C'était la toute première fois qu'un metteur en scène décidait d'aller en profondeur dans l'intimité de Jesse James et de son gang et de mettre en lumière la relation entre ces voleurs et les gens du Sud, face aux détestables exploiteurs nordistes, forts de leur victoire sur les confédérés.

Au milieu des années 2000, le réalisateur néo-zélandais Andrew Dominik a l'idée de mettre en chantier un film ayant pour titre "The Assassination of Jesse James by the Coward Robert Ford" racontant le plus fidèlement possible la dernière année du célèbre malfaiteur que fut Jesse James. Adapté du roman "The Assassination of Jesse James by the Coward Robert Ford" de Ron Hensen publié en 1983, l'histoire raconte les sept derniers mois de Jesse James, célèbre hors la- loi et icône de la culture populaire américaine. Ce "Robin des Bois" du Missouri est incarné par l'excellent Brad Pitt qui a su rendre parfaitement toute la complexité de son personnage dans ses derniers jours. Sa magnifique performance lui vaudra le prix d'interprétation au Festival de Venise. Il ne faudrait pas non plus faire fi de la prestation de Casey Affleck dans le rôle ingrat du lâche Robert Ford.

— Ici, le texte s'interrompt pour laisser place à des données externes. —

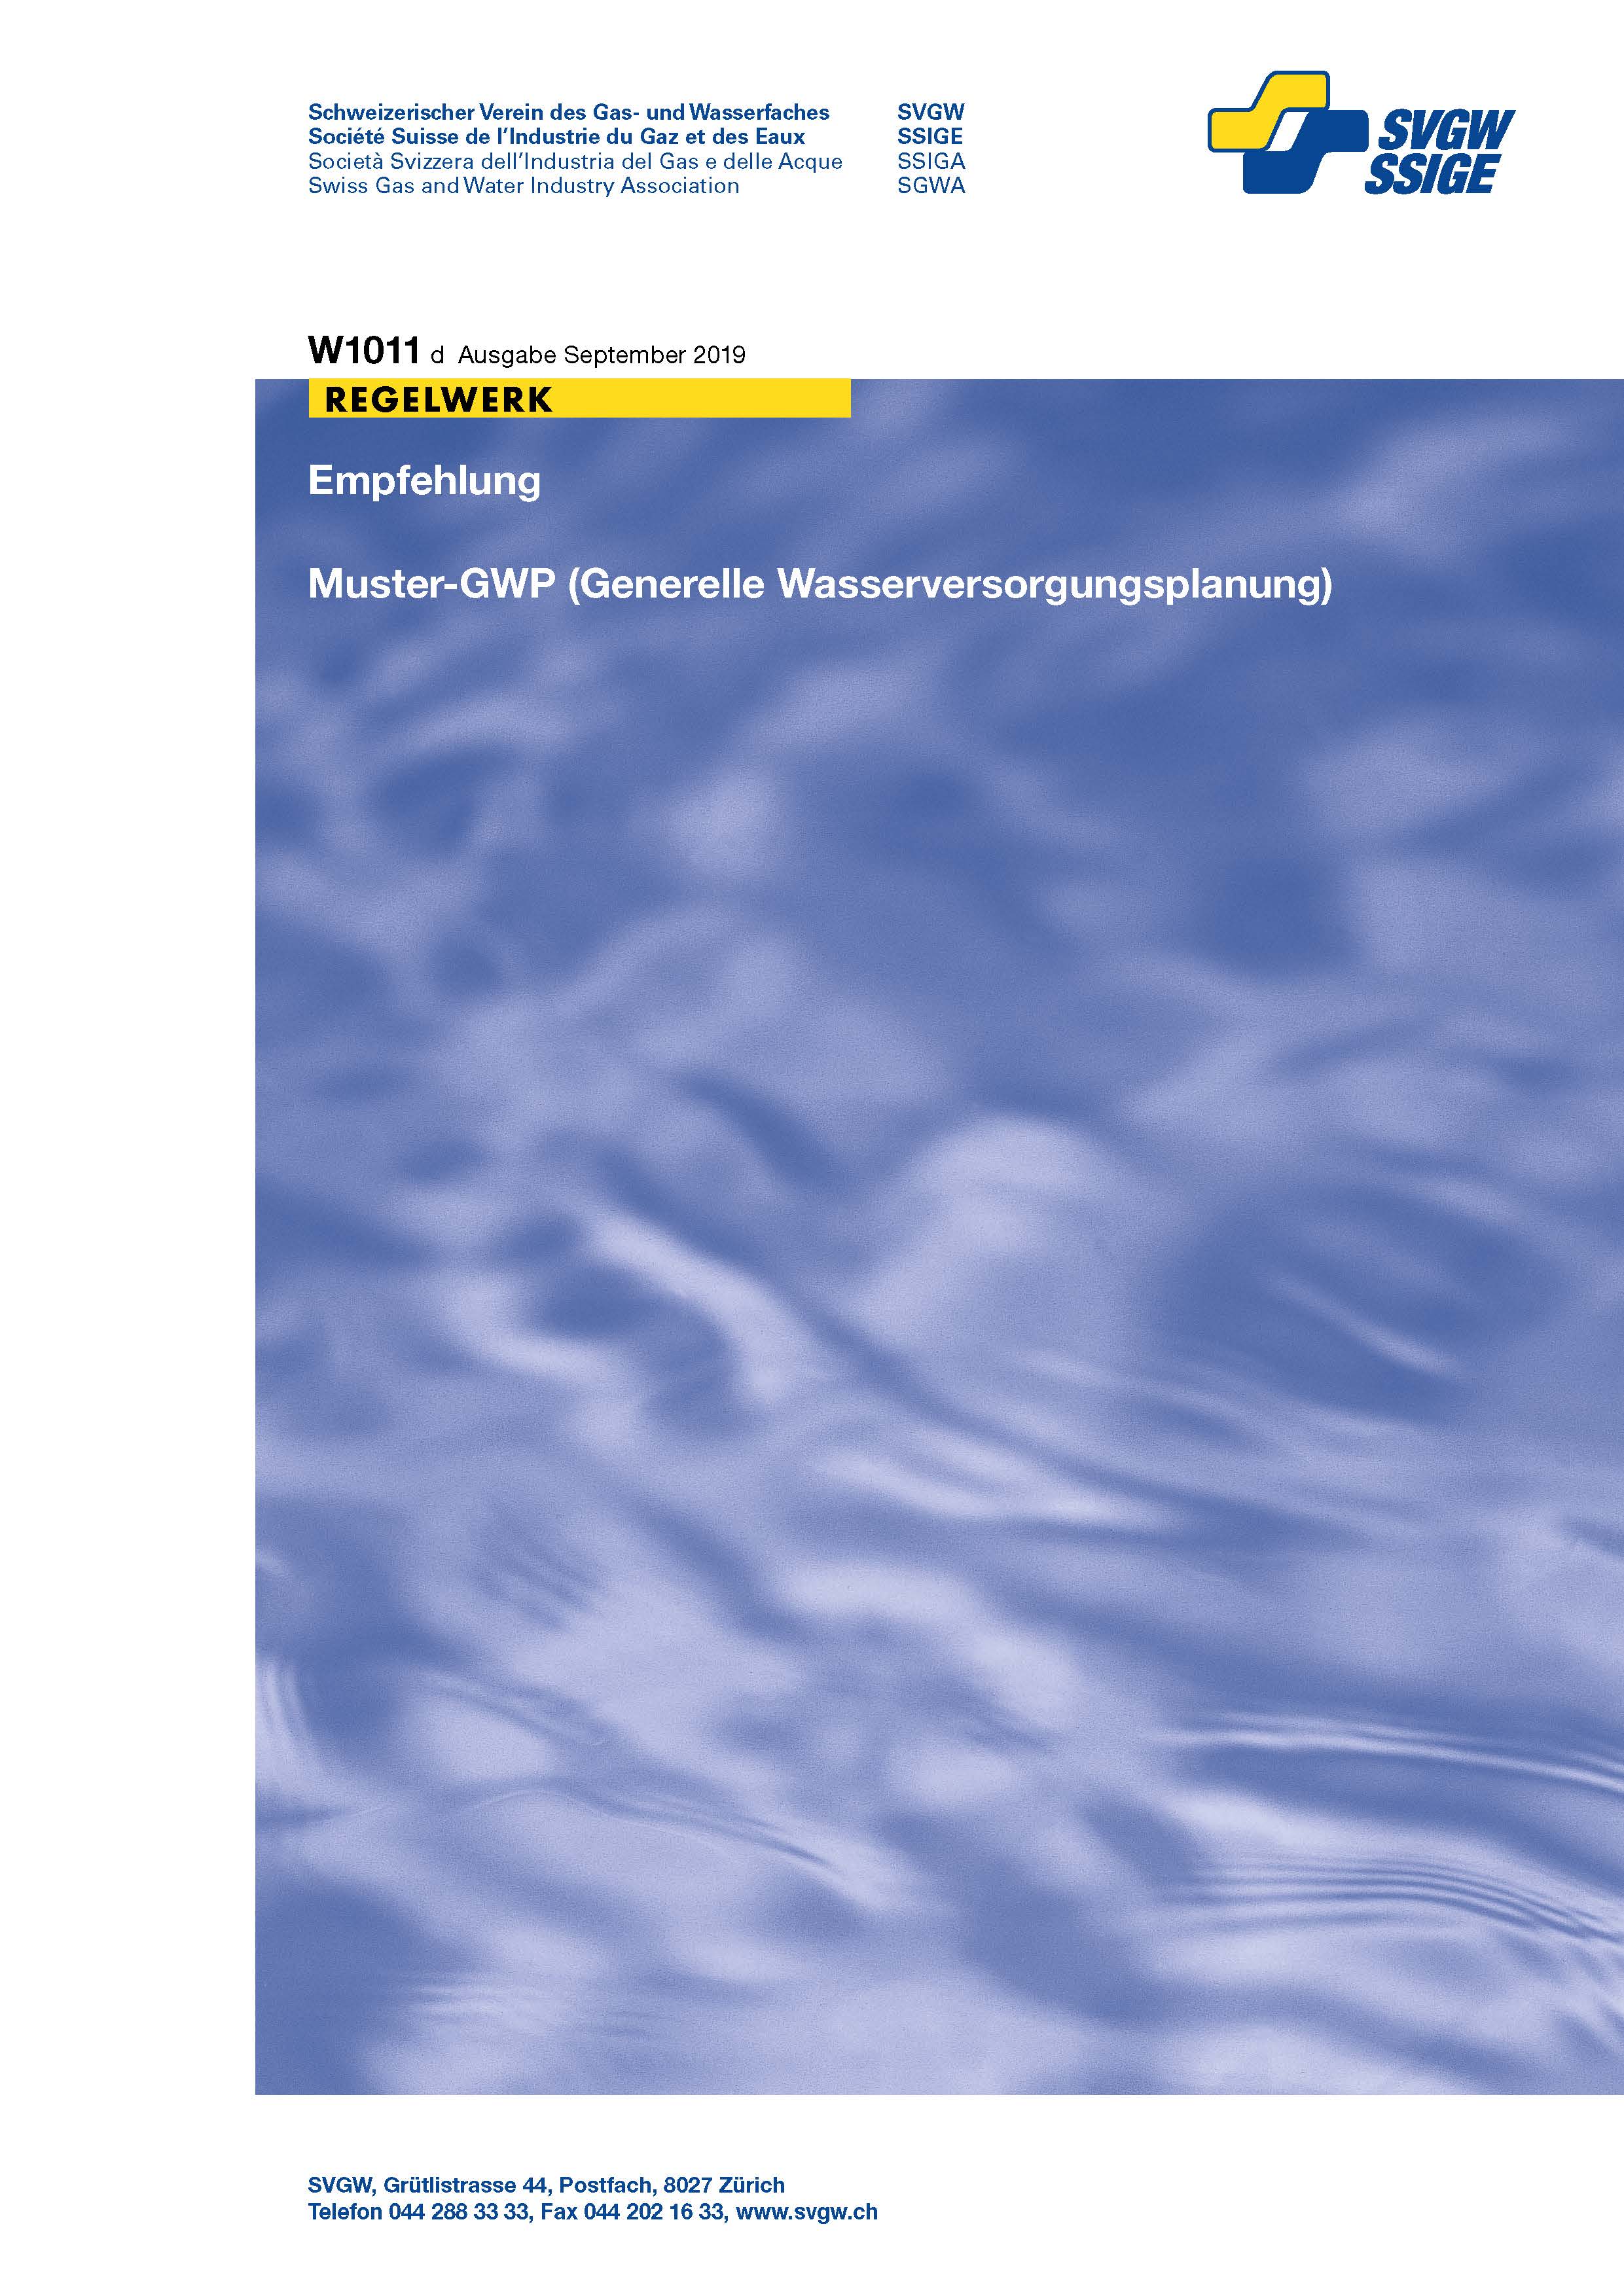 W1011 d Empfehlung; Muster-GWP (Generelle Wasserversorgungsplanung) (2)

Dans ce film, le metteur en scène Domink a décidé de ne pas tomber dans le piège de ses prédécesseurs en montrant ce voleur non pas comme il fit rêver, mais bien comme il fut. C'est-à-dire plus cynique que philanthropique, tyran, ombrageux, méfiant, méprisant, vulnérable et solitaire. Ce western lyrique et mélancolique est présenté comme un documentaire avec une voix narrative hors champ, riche en détails historiques. J'aimerais souligner le travail exceptionnel du directeur de la photographie Roger Deakins qui dépeint par des images somptueuses ce drame. Malgré sa lenteur, ce western contemplatif et psychologique, vous chamboule d'émotion. C'est le choc d'une rencontre entre deux personnages (Jesse James et Robert Ford) qui s'épient et où nous voyons l'admiration qu'à Robert Ford envers ce brigand devenu un héros national. Cette admiration deviendra plus tard une profonde jalousie. Du côté de Jesse James, ses sentiments envers le jeune homme sont vagues, il est intrigué et suspicieux.

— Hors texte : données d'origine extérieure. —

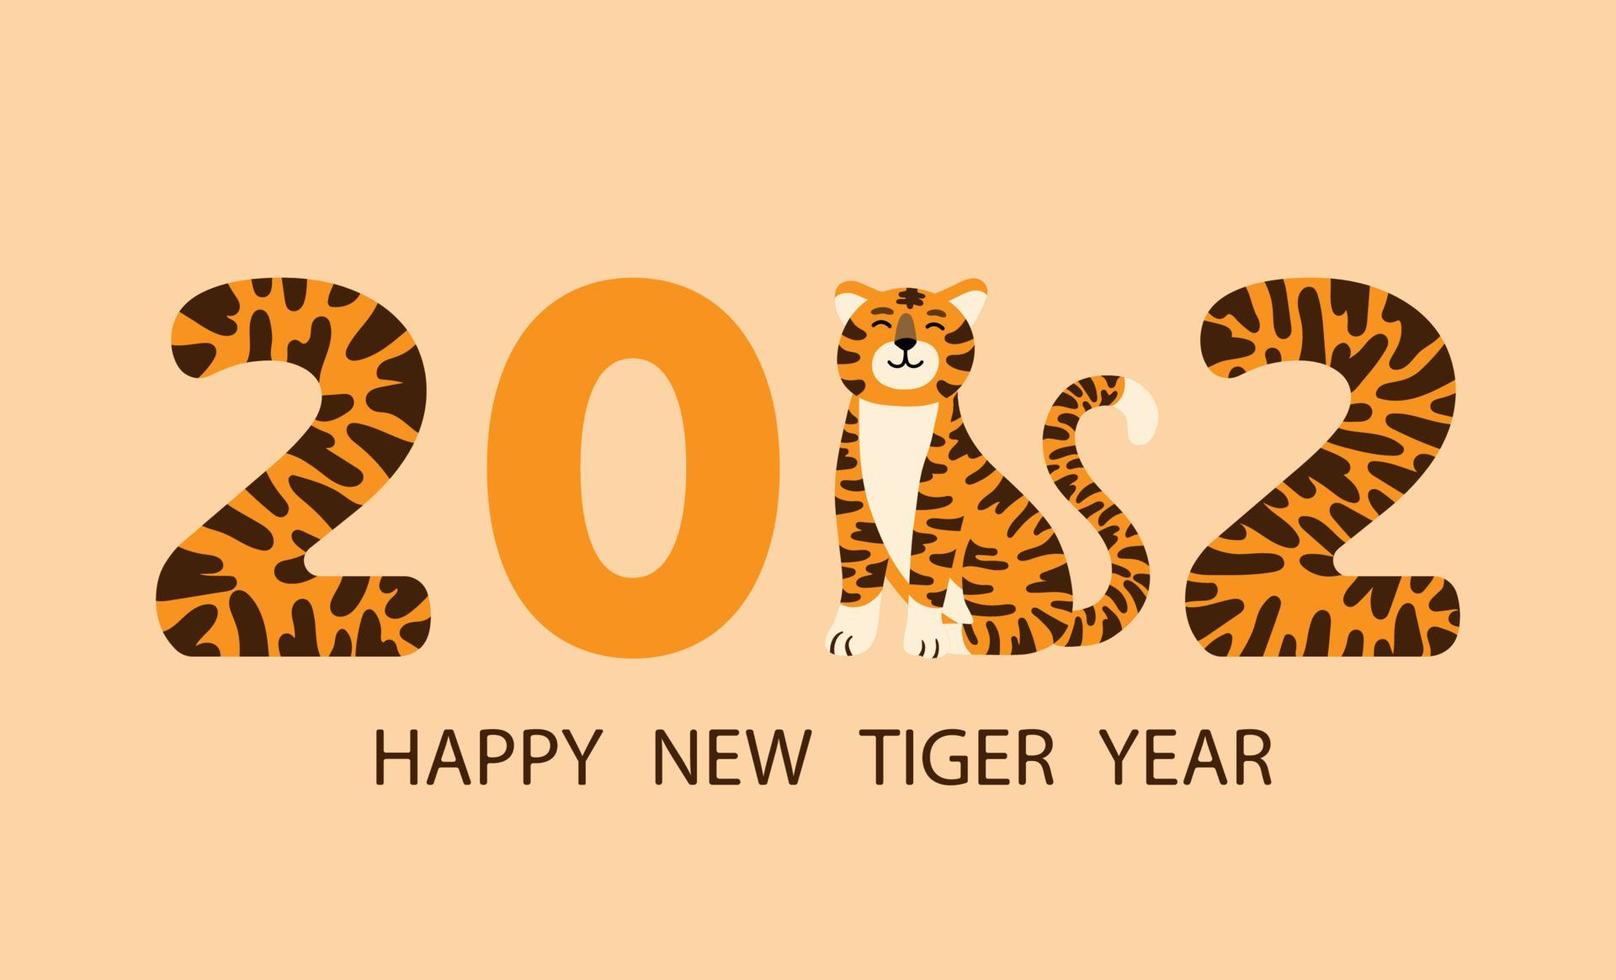 Feliz año nuevo chino 2022 tarjeta de felicitación o pancarta con dibujos animados divertidos cara de tigre y dígitos de año rayados. vector dibujado a mano ilustración plana

L'œuvre d'Andrew Dominik fut réalisée avec minutie, faisant preuve d'une attention particulière pour les décors et les costumes, respectant avec exactitude le mode de vie de ces hommes et de ces femmes trop souvent exposés au cinéma de façon vague et censurée. Il traité avec profondeur et transpose fidèlement ce qu'était réellement le monde de l'Ouest à cette période charnière des États-Unis.

La caméra de Dominik est merveilleuse, captant des images devenant des mosaïques, de véritables toiles... peignant avec grâce et beauté la vie difficile dans ces vallées sauvages et redoutables, là où la loi du plus fort finit toujours par triompher. Les paysages bucoliques et majestueux, les plaines aux couleurs d'émeraude, les superbes pastels bleus, verts, roses qui habillent maisons et commerces donnent un cachet paisible, cachant du même coup, la cruauté subtile qui pèse lourd sur les âmes qui habitent ce coin de pays. Bref, la mise en scène est appliquée, nous ne sentons aucun détail lui échapper... Les plans de caméras de Kevin Costner ne sont pas exsangues du tout, ils sont plutôt très colorés et extrêmement vivants...

La définition générale est excellente en tous points, d'une stabilité des plus appréciables. Le rendu des couleurs est remarquable. Les teintes sombres et froides du film sont reproduites avec justesse. Elles sont constantes et parfaitement bien saturées Le niveau des noirs est très bien ajusté, les parties denses offrent des dégradés généralement fluides et très détaillés. Les effets sonores, par moment incroyablement percutant de par l'agressivité qui s'en dégage, supportent avec brio les scènes d'intrigue et de violence. Les dialogues sont intelligibles en toutes circonstances et ne montrent jamais de signes de parasites ou de saturation.

Malheureusement, c'est une édition totalement dépourvue supplément, ce qui n'est pas souvent le cas pour les vieilles productions cinématographiques chez la Warner et encore moins pour des productions récentes.

Bref, tout amateur de western saura apprécier "The Assassination of Jesse James by the Coward Robert Ford" pour son originalité qui s'enracine dans la sensibilité plutôt que dans le simple mécanisme de l'action, bien que l'action y joue un rôle prépondérant. Un DVD à voir absolument!